(What you are asked to do) An exact copy is the goal: every line from the one containing "Egy belső kert" to the end of the material below, pictures excluded.

(Material provided)
>>>
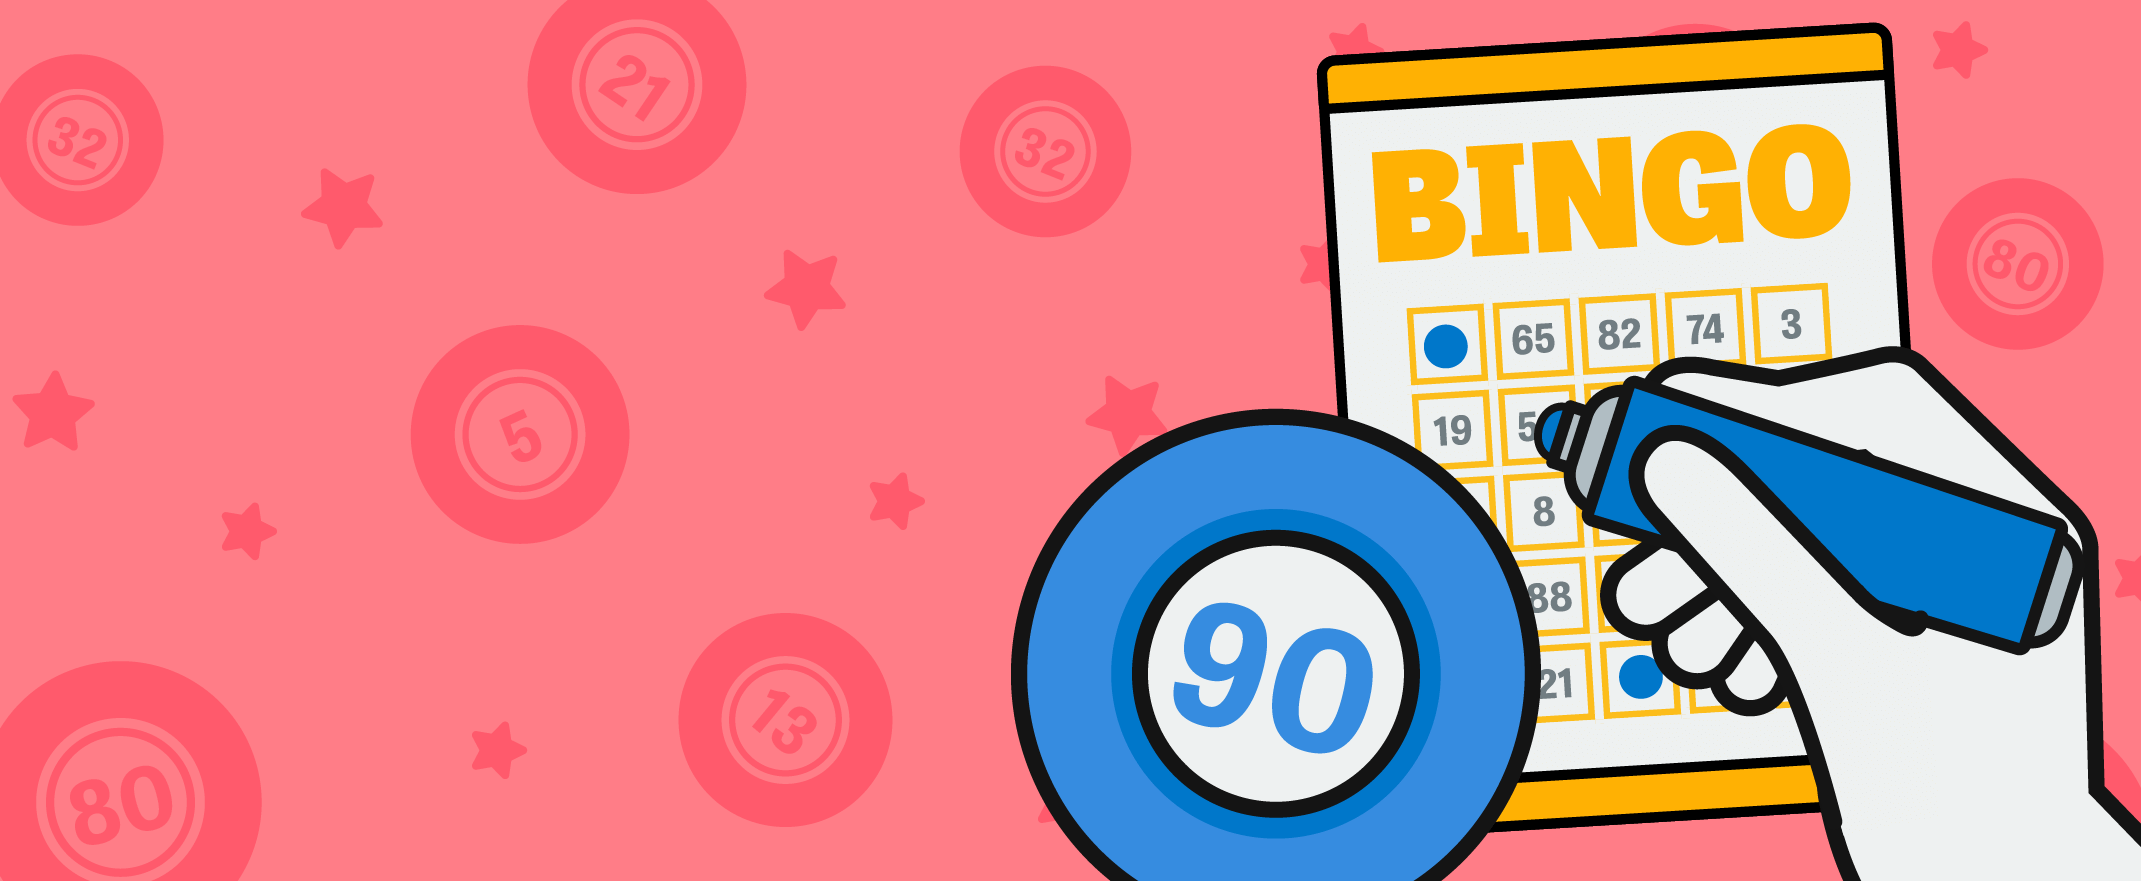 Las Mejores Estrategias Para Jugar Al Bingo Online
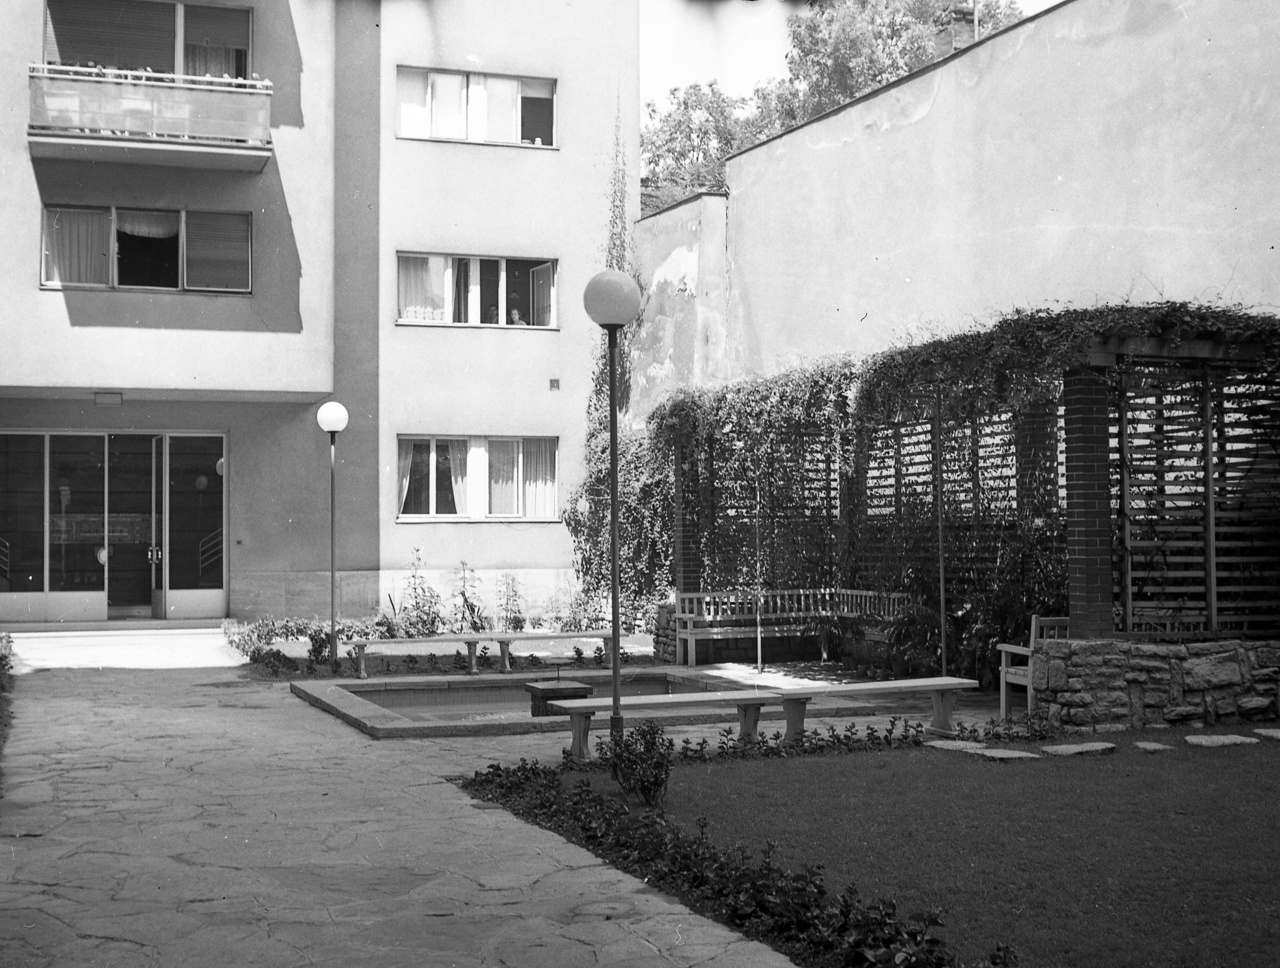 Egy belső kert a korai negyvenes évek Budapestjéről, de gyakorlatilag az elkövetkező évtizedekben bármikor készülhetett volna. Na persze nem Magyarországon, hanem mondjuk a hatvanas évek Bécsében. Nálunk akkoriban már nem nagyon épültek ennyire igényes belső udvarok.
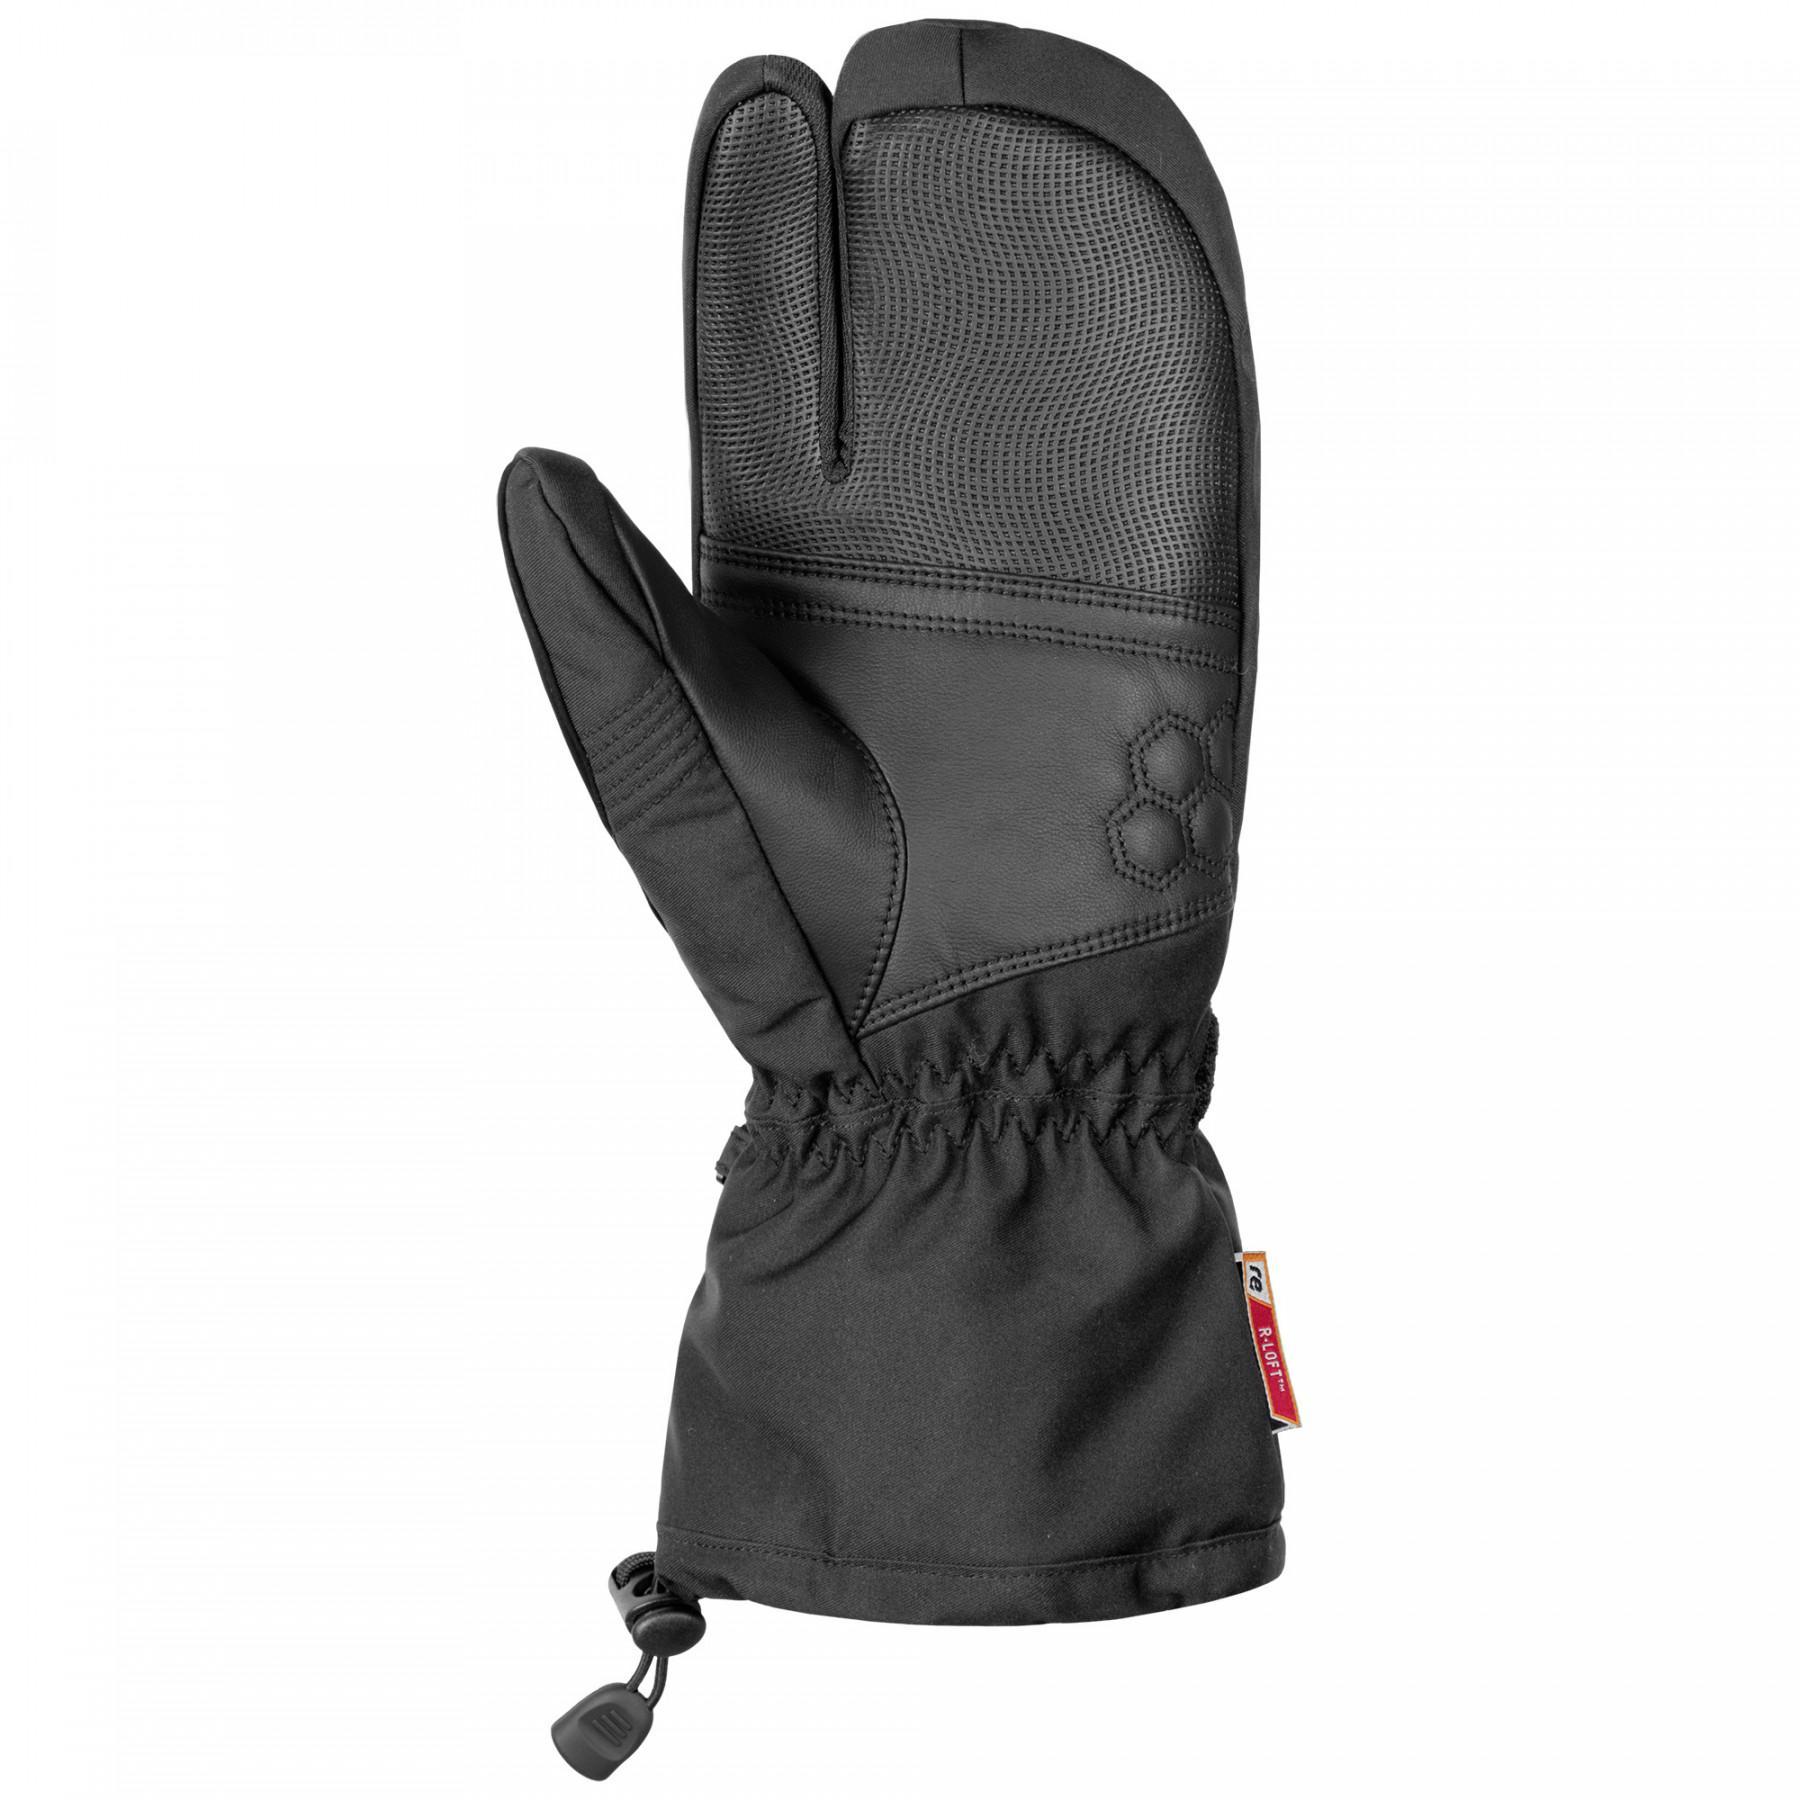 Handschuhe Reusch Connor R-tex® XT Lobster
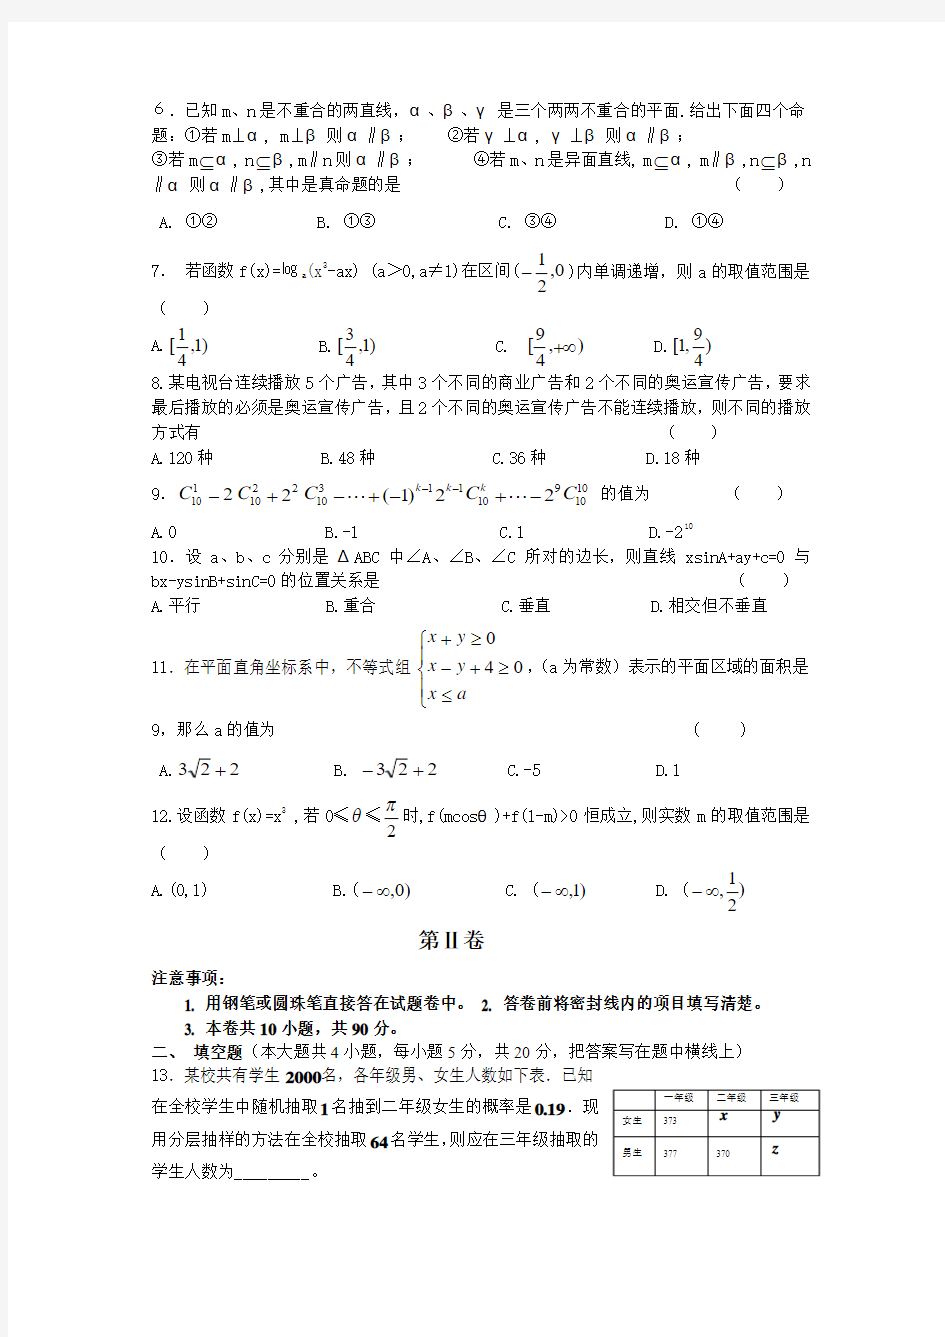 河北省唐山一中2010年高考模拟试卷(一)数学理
<<<
(Exercise output)
 Egy belső kert a korai negyvenes évek Budapestjéről, de gyakorlatilag az elkövetkező évtizedekben bármikor készülhetett volna. Na persze nem Magyarországon, hanem mondjuk a hatvanas évek Bécsében. Nálunk akkoriban már nem nagyon épültek ennyire igényes belső udvarok.
 Handschuhe Reusch Connor R-tex® XT Lobster
 河北省唐山一中2010年高考模拟试卷(一)数学理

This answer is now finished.